(*This story was updated at 5:02 p.m. on Thursday, 1/12/23 with additional comment from the Pennsylvania Liquor Control Board. It was updated at 3:28 a.m. on Friday 1/13/23 to update attribution to a PLCB spokesperson.)
An industry trade group is pushing back against a 4% price hike on wine and liquor set to go into effect on Sunday at Pennsylvania’s state-owned liquor stores, arguing that regulators haven’t given producers enough time to plan for the jump.
The Pennsylvania Liquor Control Board announced last month that it was raising the prices on more than 3,500 products at the state stores, saying the hike, the first since 2019, would help the oversight agency offset rising operating costs.
“Since the Board voted to delegate pricing authority to the Executive Director and/or designees dating back to 2016, this was not a decision requiring an additional formal board vote. Regardless, it was a decision discussed among and unanimously supported by all three Board members,” the agency said in a statement provided to the Capital-Star.
“As an aside, despite facing numerous pandemic- and inflation-related cost increases for several years, the PLCB has resisted raising Fine Wine & Good Spirits retail prices since 2019, beyond passing along vendor cost increases,” the agency said in its statement.
In a Thursday statement, the Distilled Spirits Council of the United States, which represents spirits producers, said the “last-minute push” by the outgoing Wolf administration “will have implications not only for spirits producers, but for the Pennsylvania hospitality industry and its consumers.
“These decisions should be part of a larger discussion with impacted stakeholders, yet this across-the-board increase was done without any consultation or collaboration,” Andy Deloney, the council’s senior vice president and head of State Public Policy, said in a statement. “We are extremely disappointed in the process by which this increase was determined and hope the PLCB will adjust future plans to include consideration of the partners most heavily impacted by their unilateral decision-making.”
State lawmakers with oversight of liquor-related issues similarly pushed back against the planned price hike.
“The proposed price increase is not the result of increased production cost on the supplier side, but in actuality, is an arbitrary decision by your executives to impose an additional 4% tax on these popular products, bringing the total tax to nearly 30%,” Senate Law & Justice Committee Chairperson Mike Regan, R-Cumberland, wrote in a Jan. 10 letter to PLCB Chairperson Tim Holden.
“I am very troubled by the lack of transparency and timing of the announcement. Not only has the board granted full discretion to staff with no board approval required, but the Wolf administration also ends on January 17th, 2023,” Regan continued. “Imposing a last-minute, additional liquor tax on Pennsylvania consumers, in the waning hours of an administration undermines the public’s faith in government and is bad public policy.”
Speaking to WGAL-TV, the PLCB spokesperson Elizabeth Brassell disputed Regan’s claim that the price hike was a last-minute decision.
“It was something that we discussed late in December. We didn’t finalize the plan until earlier this month, identifying exactly what items were going to be subject to the increase. We did provide as much advance notice as we could to both our suppliers and to licensees,” Brassell said.
In its statement, the spirits council argued that the oversight agency, which has a monopoly on wine and liquor sales in the commonwealth, has a more than healthy bottom line, rendering the price hike unnecessary.

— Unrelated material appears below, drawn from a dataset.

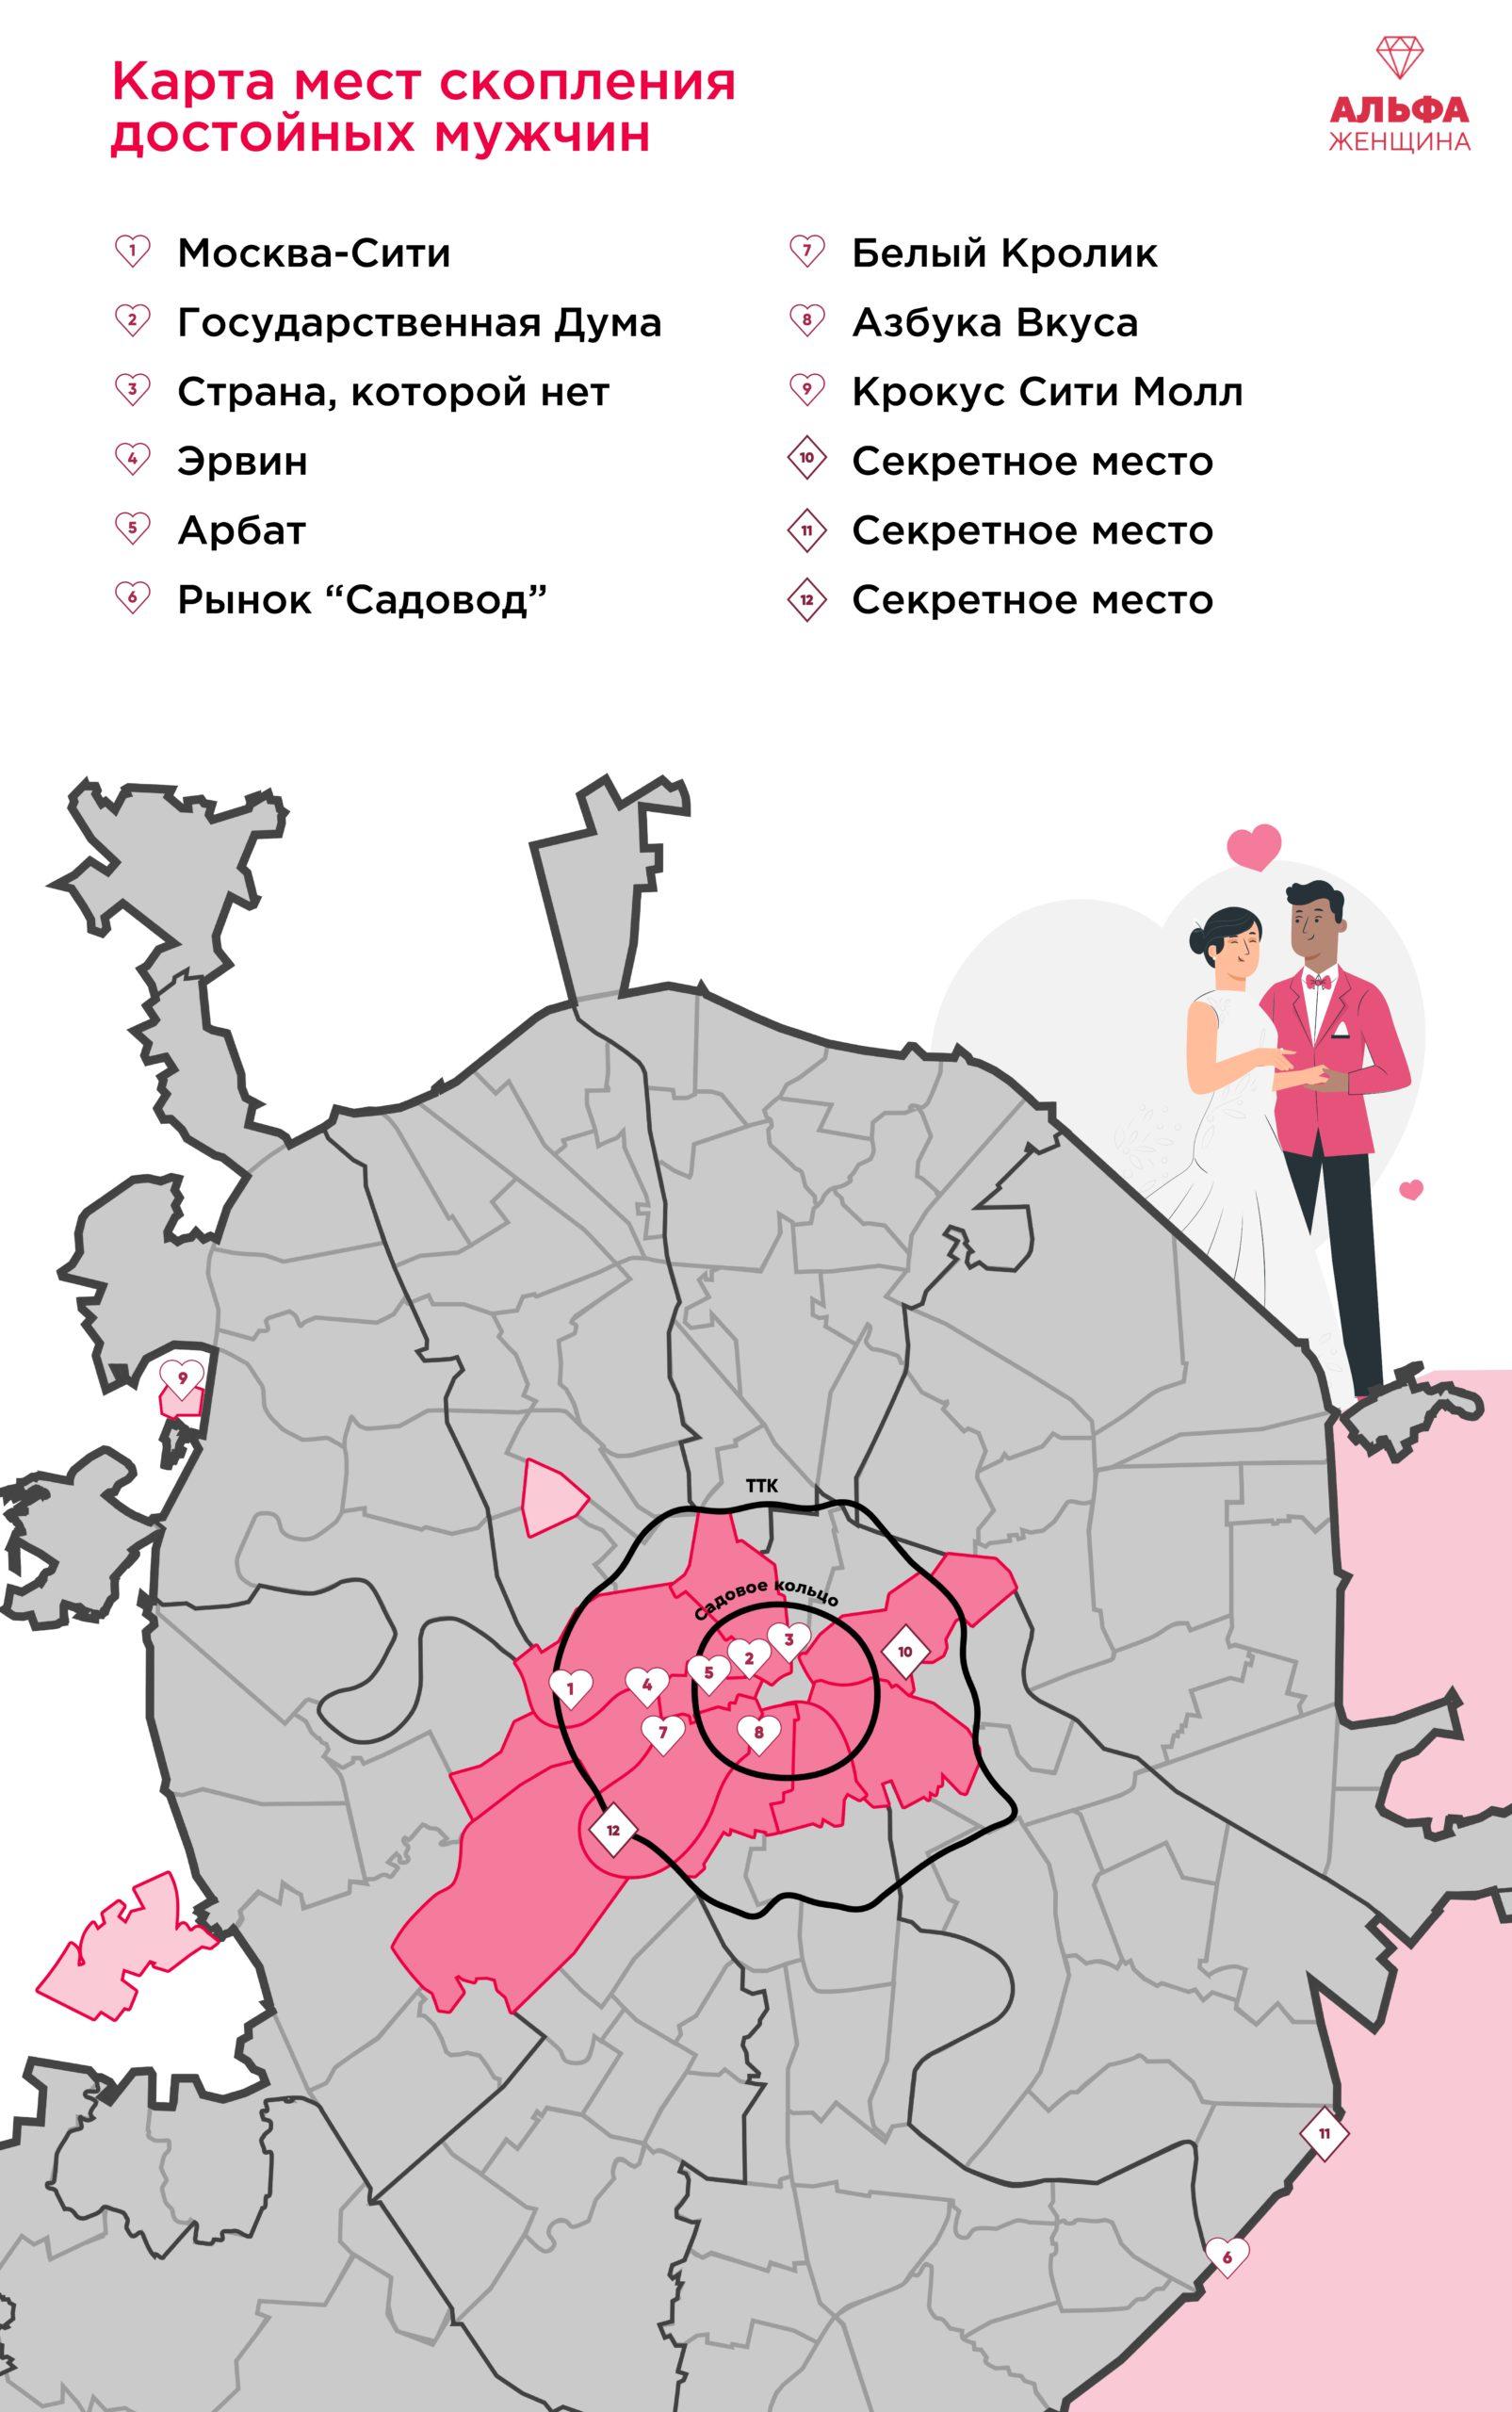 Карта мест в москве для удачных знакомств с мужчинами

“In fiscal year 2021-22, the PLCB achieved total sales of $3.02 billion (including liquor and sales taxes), reflecting a $109.9 million or 3.8% increase over the prior year and marking gross wine and spirits sales over $3 billion for the first time in PLCB history,” Deloney wrote, citing the agency’s annual report.” Net income for the year totaled a record $330.9 million, $66 million or 24.9% higher than fiscal year 2020-21.
“Pennsylvania consumers have long traveled to bordering states with more favorable markets for spirits products,” Deloney continued. “Increasing prices only exacerbates cross-border sales and continues to drive consumers elsewhere.”
The trade group’s criticism is “is surprising at best, disingenuous at worst. Every single one of the 14 DISCUS Director Members from which the PLCB buys product increased costs and retail prices within the last two years without PLCB input,” the PLCB’s Holden said in a statement. “Also, since the January price increases were announced, a number of DISCUS members have approached the PLCB about additional cost increases, disappointed that they didn’t get a ‘cut’ of the planned PLCB increases.”